Information provided |
========================

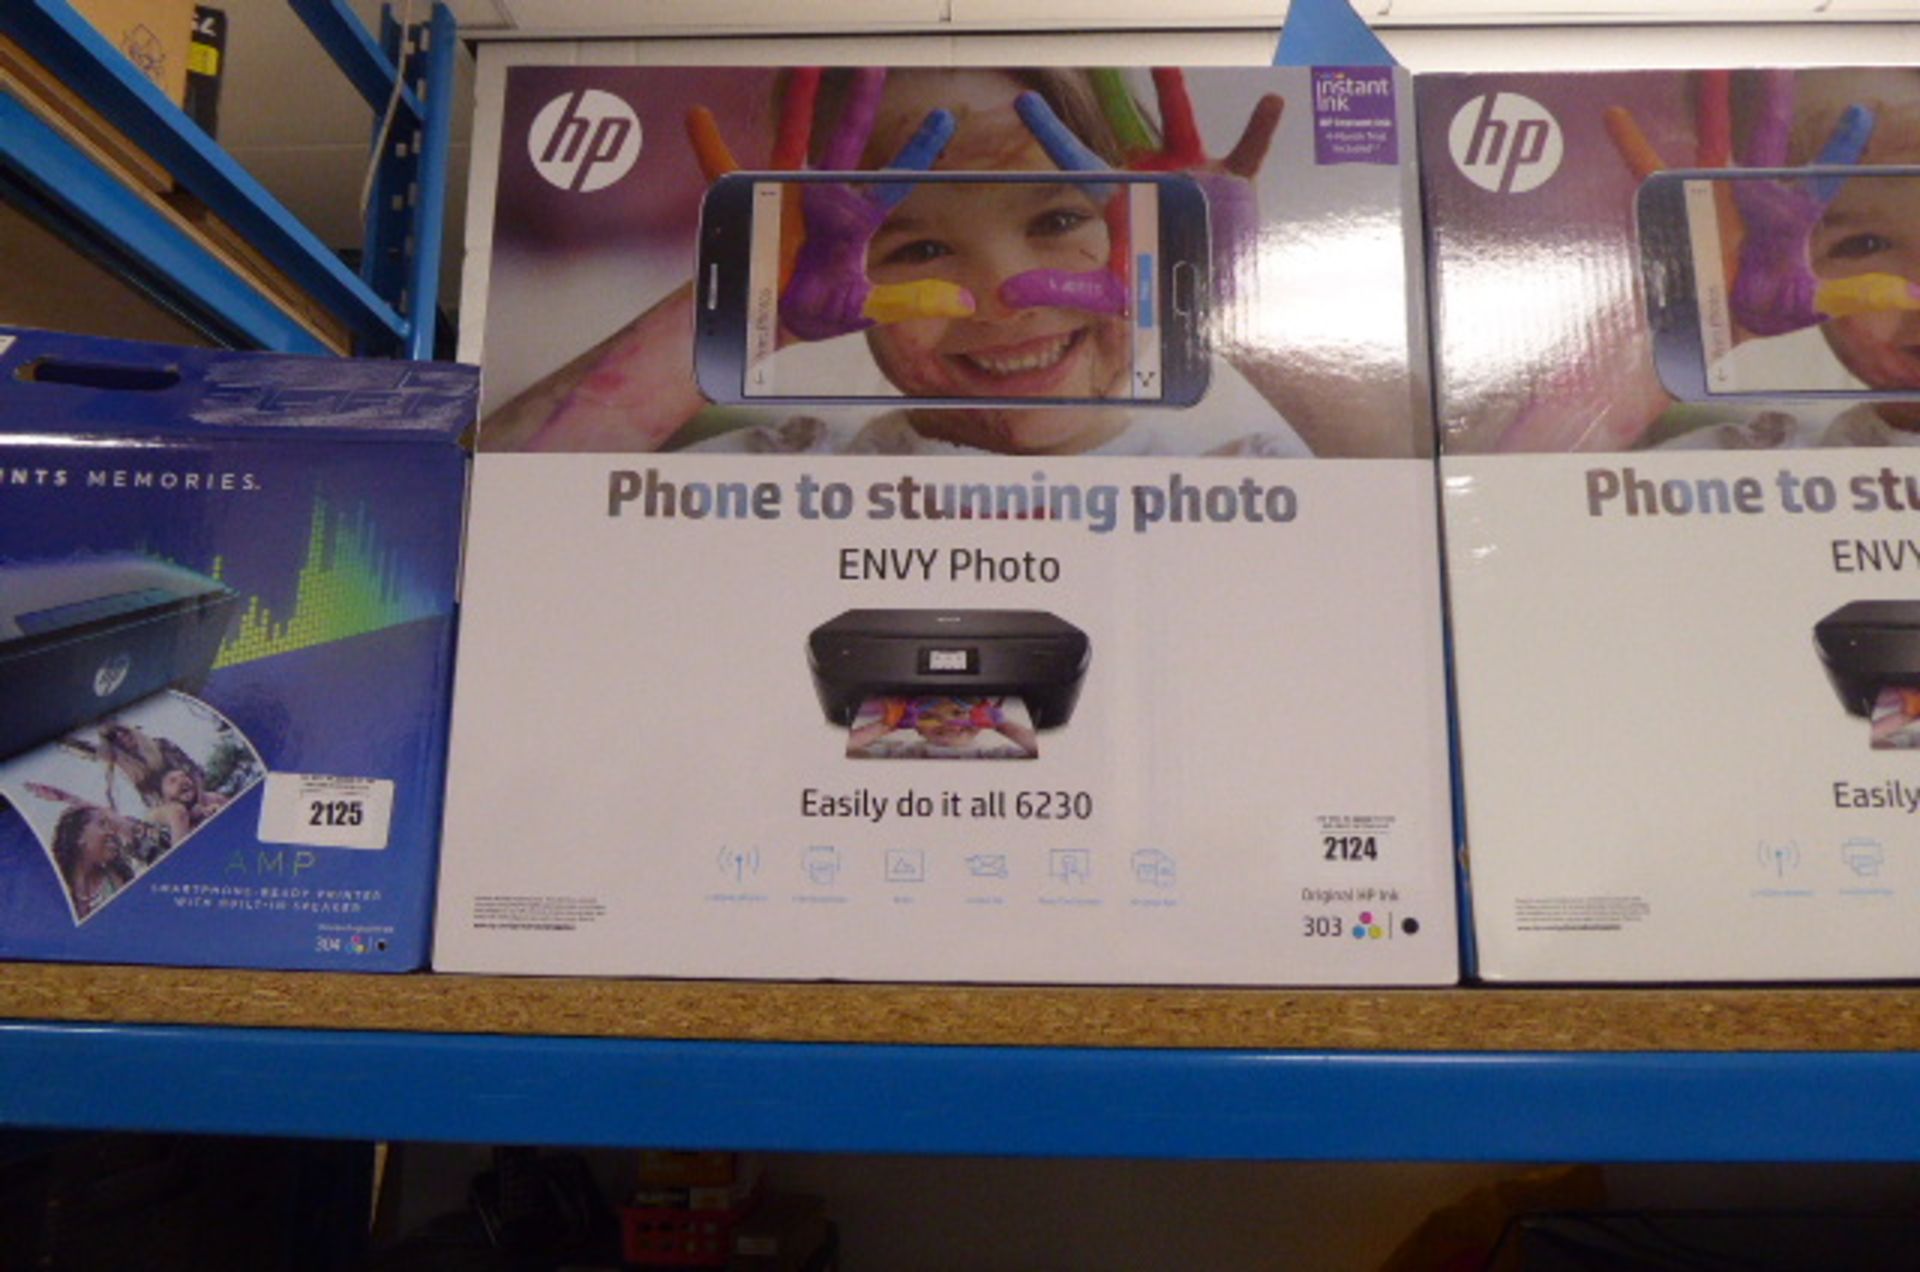 HP Envy Photo 6230 printer in box
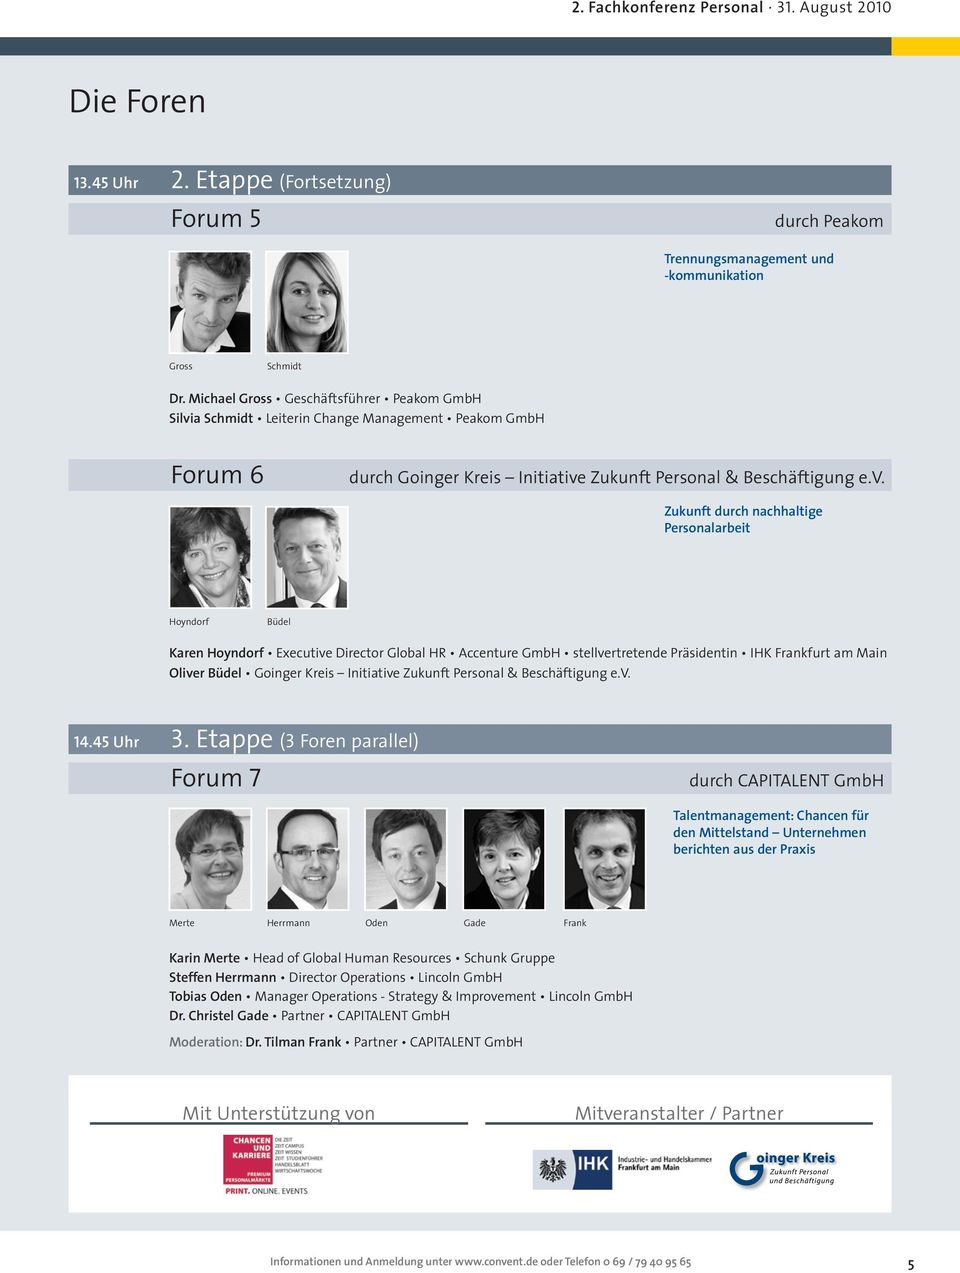 a Schmidt Leiterin Change Management Peakom GmbH Forum 6 Goinger Kreis Initiative
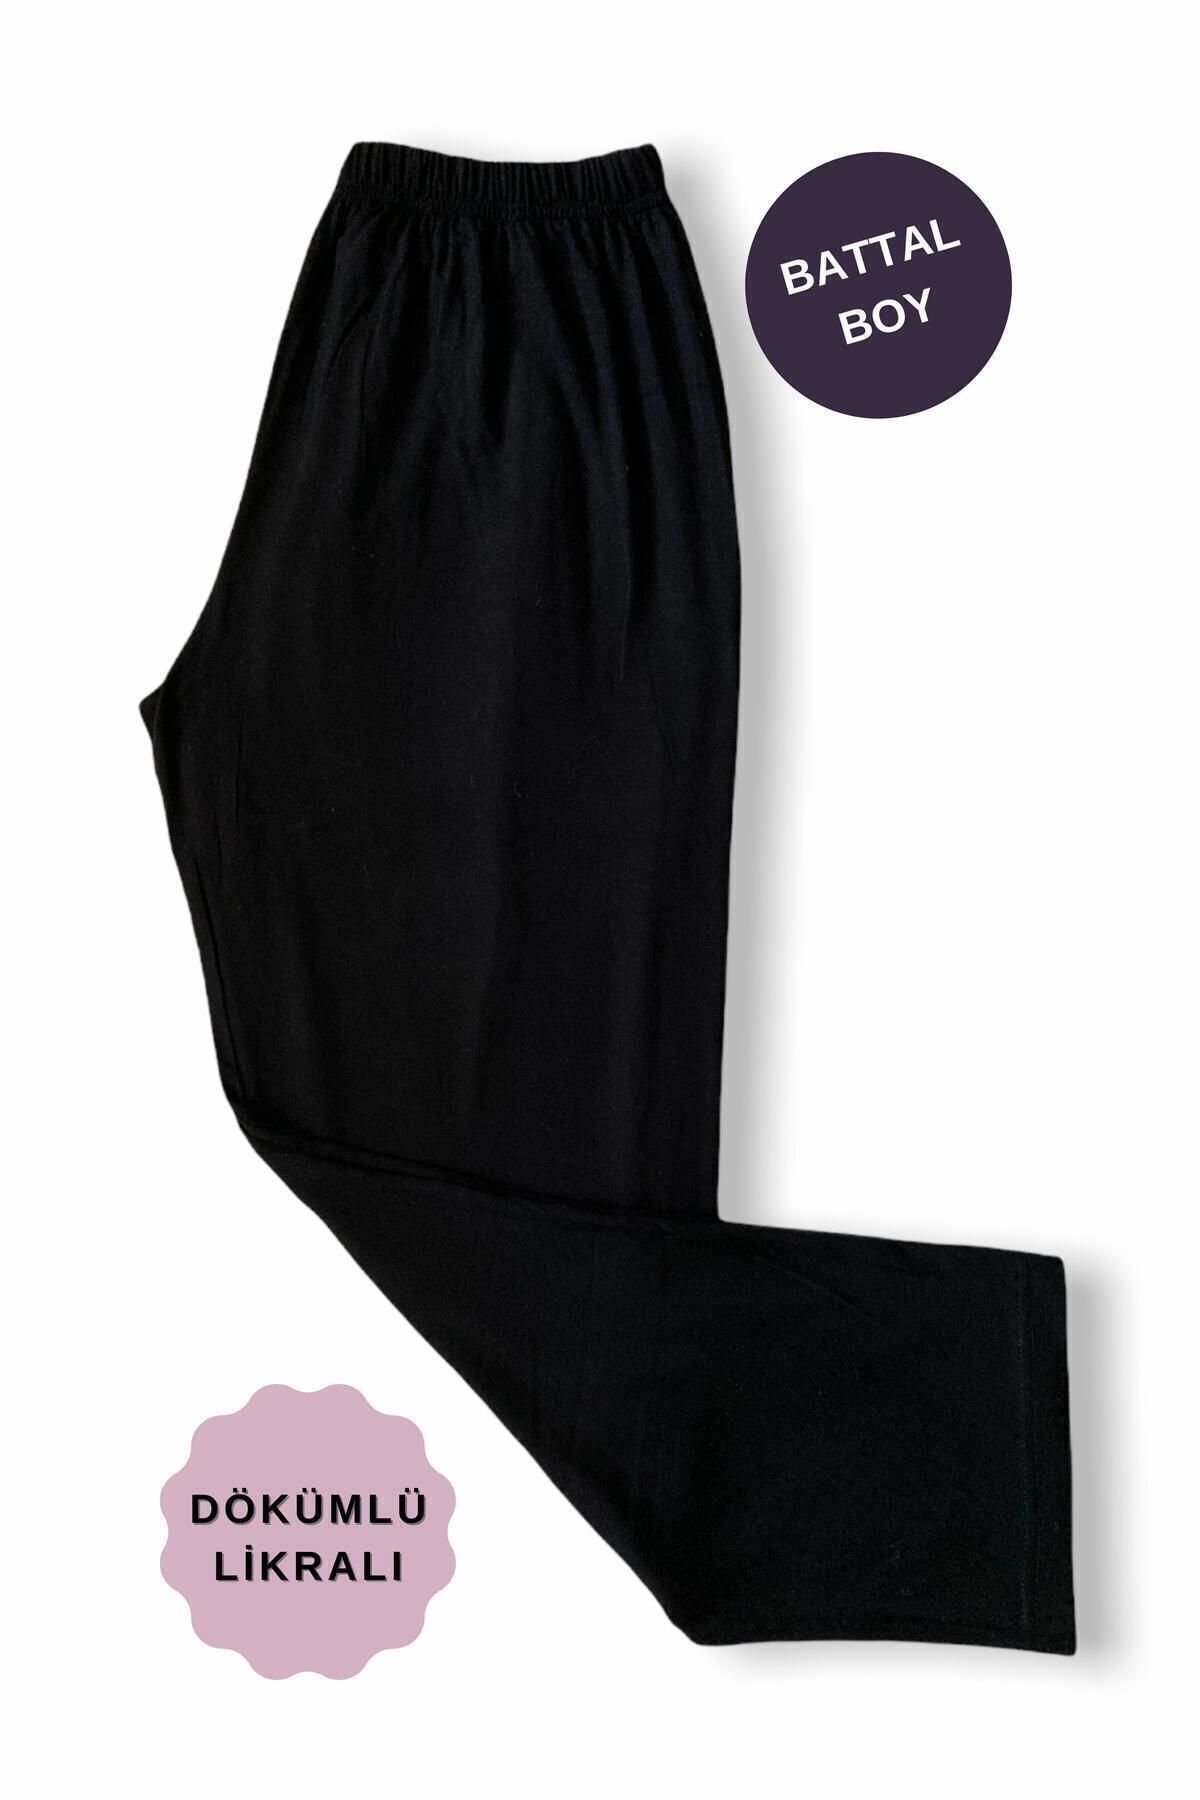 ÇizYaz Tasarım Siyah Viskon Penye Pantolon (MEVSİMLİK)

========================

Instructions to follow | Word for word, restate the material above; do not carry over the pictures.

Answer |
 HP Envy Photo 6230 printer in box
 a Schmidt Leiterin Change Management Peakom GmbH Forum 6 Goinger Kreis Initiative
 ÇizYaz Tasarım Siyah Viskon Penye Pantolon (MEVSİMLİK)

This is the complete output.